Okay. I think it's a different letter.
I'll just quickly mention these concepts, and then hopefully we can discuss them later.
The first one is that under proposed subsection 530(6), they don't want a trial necessarily automatically to be bilingual. There may be circumstances...so they want the word “may”.
Under proposed subsection 530.01(1), they want the stuff automatically translated for the accused--he doesn't have to ask for it--and also the original document and the translated to be of equal value. One language doesn't prevail.
Under proposed paragraph 530.1(c.1), they want to make sure that the prosecutor doesn't have a witness speaking another language...or only if it's warranted. To qualify that a bit more, they don't want them to use too much discretion.
Under proposed section 530.2, once again the justice can limit the right of the accused to a trial in his language, or a bilingual trial. They just want to make sure once again that this is qualified so that they have to, as much as possible, respect the right of the accused to have the trial in their own language.

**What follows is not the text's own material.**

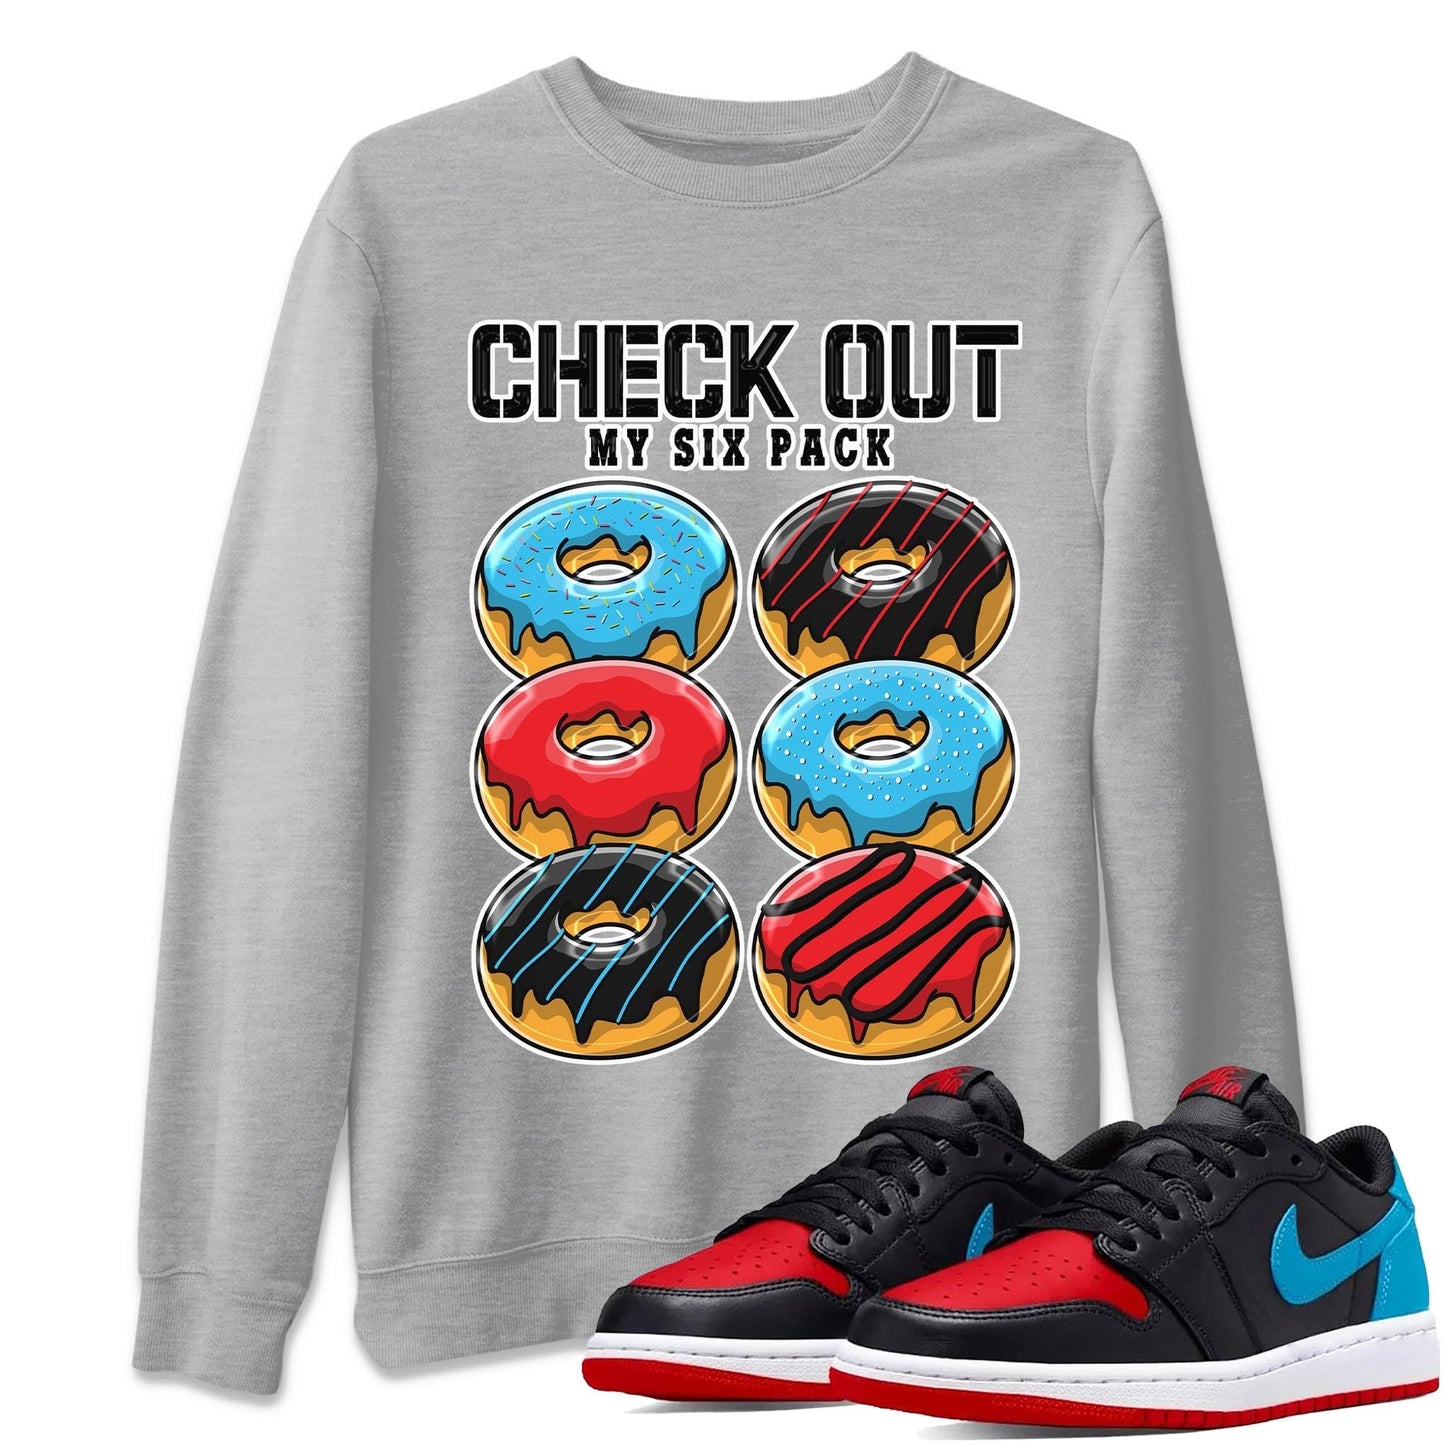 Air Jordan 1 Low UNC to Chicago shirt to match jordans Check Out My Six Pack Streetwear Sneaker Shirt Air Jordan 1 UNC to Chicago Drip Gear Zone Sneaker Matching Clothing Unisex Heather Grey 1 T-Shirt

Under section 531—and I'm not sure about this, but I'm going to ask them about it when they get here—they want it not to have to be in the territory in New Brunswick; it could be in another territory if the court isn't available.
The final one is that just because a judge or a jury speaks the other language, the language of the accused, it doesn't mean they're going to use it. So they want to qualify proposed paragraphs 530.1(d) and (e) so that not only do they speak the language but it's reasonably possible that they use it.
I can give you a copy of these amendments. You don't have to write everything down.
Some of these amendments sound very reasonable. Hopefully you'll be able to convince the people that they are reasonable. And we'll be having those people as witnesses.